Explaining Cloud Computing to Less-Technical Friends

April 22, 2008 – 8:41 am

In a constant effort to explain cloud computing to my non-technical friends I try to use analogy’s and examples like the slash dot story or the what if I had more data story. Here is another one….which I paraphrased from TechTarget.com.

Useful analogy for cloud computing is RAID, redundant arrays of inexpensive disks. When the first patents for this revolutionary concept were filed by IBM in 1977, the focus was on performance, not cost. Ten years later it became apparent that an array of consumer-grade “crap disks” could deliver better reliability and performance than standalone disks at dramatically lower costs. So much cheaper, in fact, that when enough parts failed, the array was “pushed out the back door” and dumped.

Google’s cloud operating system rests on similar hardware architecture of throwaway components lashed together for maximum processing and minimum monitoring — all under the control of a “single executive” software.

More here.

Amazon Web Services gets serious about enterprise

April 21, 2008 – 8:00 am

Cloud Computing was once looked upon by enterprise users as a purely academic and perhaps unlikely to be deployed in mission critical situations. It usually takes years for new technologies to be adopted by the enterprise….and often enterprises are criticised for prolonging the use of old but trusted and perhaps uneconomic technologies.

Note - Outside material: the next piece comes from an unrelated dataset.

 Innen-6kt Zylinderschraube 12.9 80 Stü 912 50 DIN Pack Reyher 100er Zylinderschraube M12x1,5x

Cloud Computing and its brother, Utility Computing is different….the cost savings and economies of scale are so vast that enterprises haven’t been able to ignore them…and now they don’t have to fight the conflict as Amazon have announced commercial support for their range of services.

Cloud Computing has grown up with the announcement that Amazon Web Services will now provide support for users of its Simple Storage Solution, Elastic Compute Cloud and Simple Queue Services products. Amazon, with its launch last week of persistent storage, was clearly wooing enterprise users, and the offer to provide support signals a formal courtship.

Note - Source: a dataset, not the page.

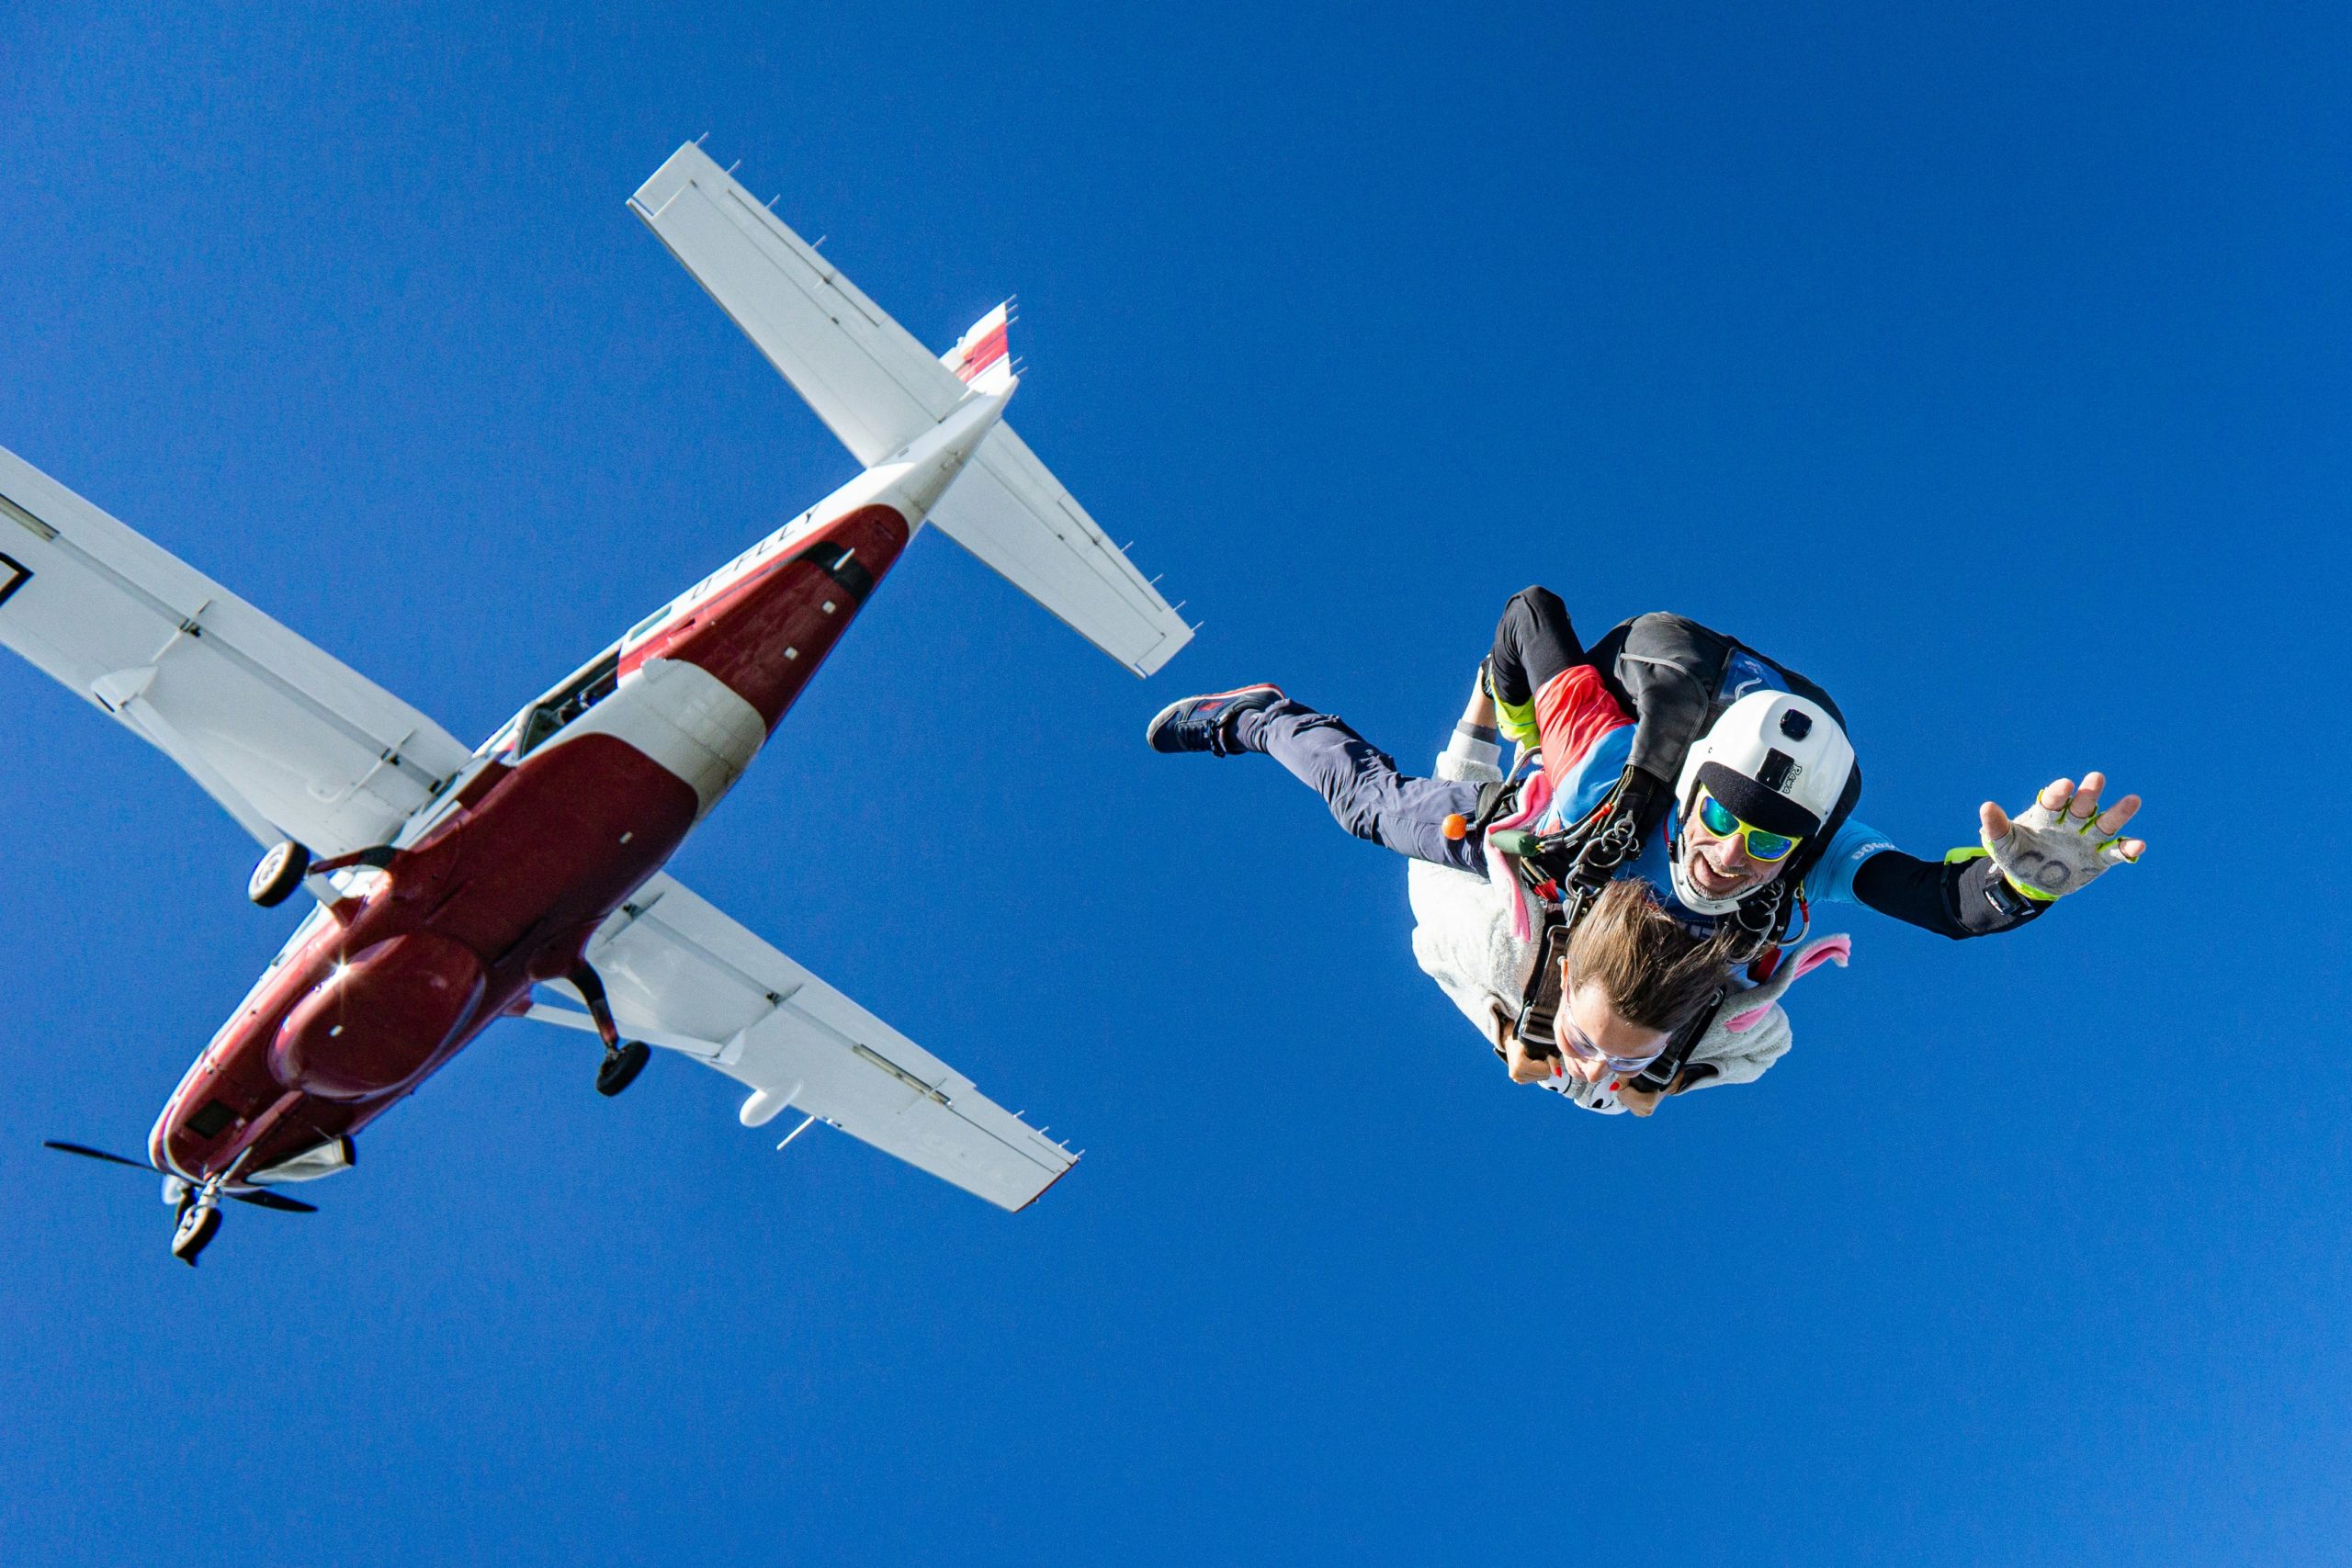 Un parachutiste en combinaison de saut multicolore et casque blanc sourit à la caméra en tombant librement avec un petit avion rouge et blanc avec les ailes au-dessus de lui sur un ciel bleu clair.

The newly announced support packages are:

  • Silver, starting at $100 per month, gives access to new AWS Support Center, with personalized Web support, case tracking and guaranteed response times during US office hours (6am - 6pm Pacific) Monday to Friday.
  • Gold, starting at $400, includes all of the above plus personalized phone support and around the clock (24×7×365) coverage.

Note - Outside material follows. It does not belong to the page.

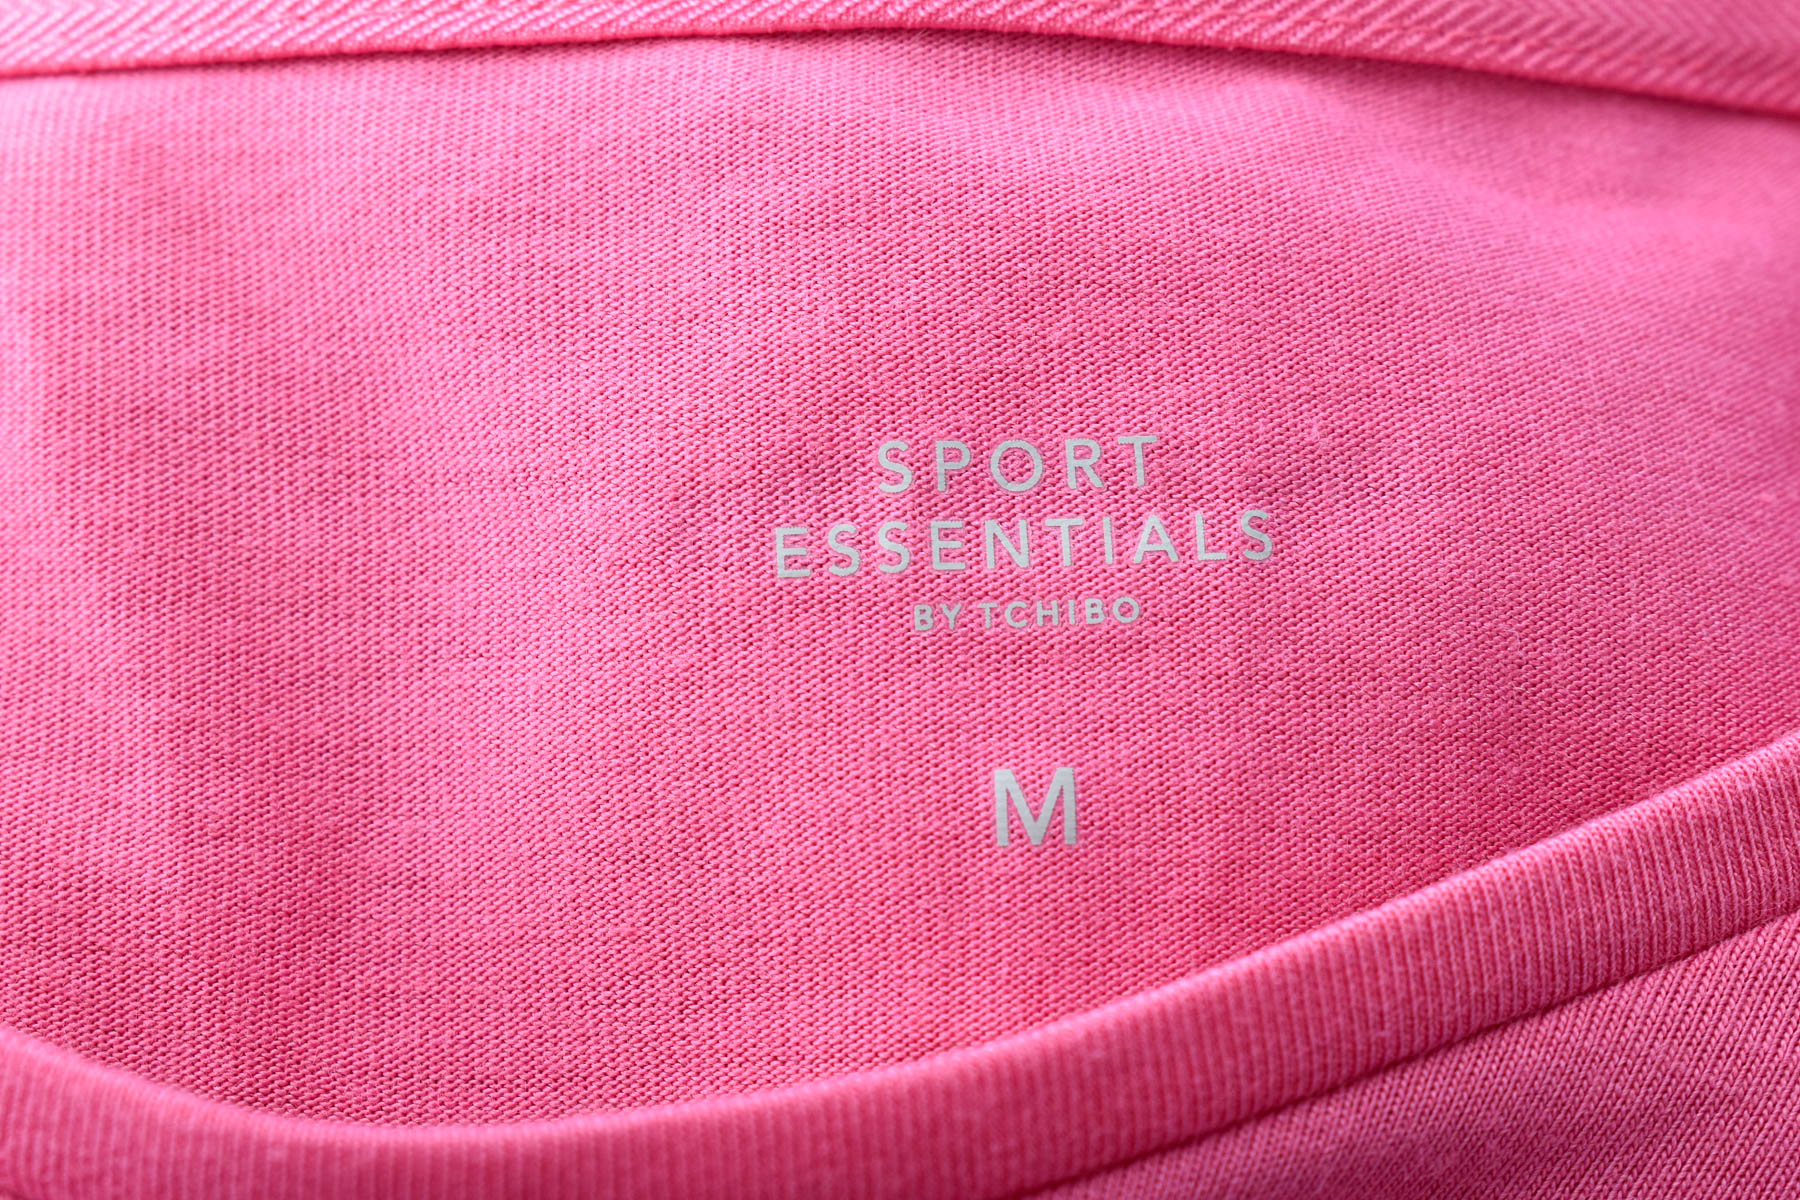 Дамска тениска - Sport Essentials by Tchibo - 2

Some people have asked why now? Actually, why release this service? The online forums have been used very effectively to provide support to the tens of thousands of AWS users in the past. Well, if you read into the statement from Jeff Barr closely you will see the reason. He said:

“Increasingly, we see that organizations of all sizes are putting AWS to use in new, innovative, and mission-critical ways. These organizations have told us that they need a more direct and more discreet way to request assistance and to report problems.”

The hint is the word “discreet”.

On April 7th there was a major outage of the EC2 service from AWS. For some reason about 20% of the EC2 instances lost connectivity. A post was placed on the AWS forum and within around one hour the issue was resolved. At the time I was very impressed at the speed and efficiency of the support….but one thing stuck in my mind….the whole episode was very public. During the outage several developers posted information about their problems, all of which were posted on a public forum and still visible on the internet….something that really does not concern me with my small business but would be completely unacceptable for an enterprise.

Well done, Amazon, for finally making Cloud Computing acceptable for the enterprise.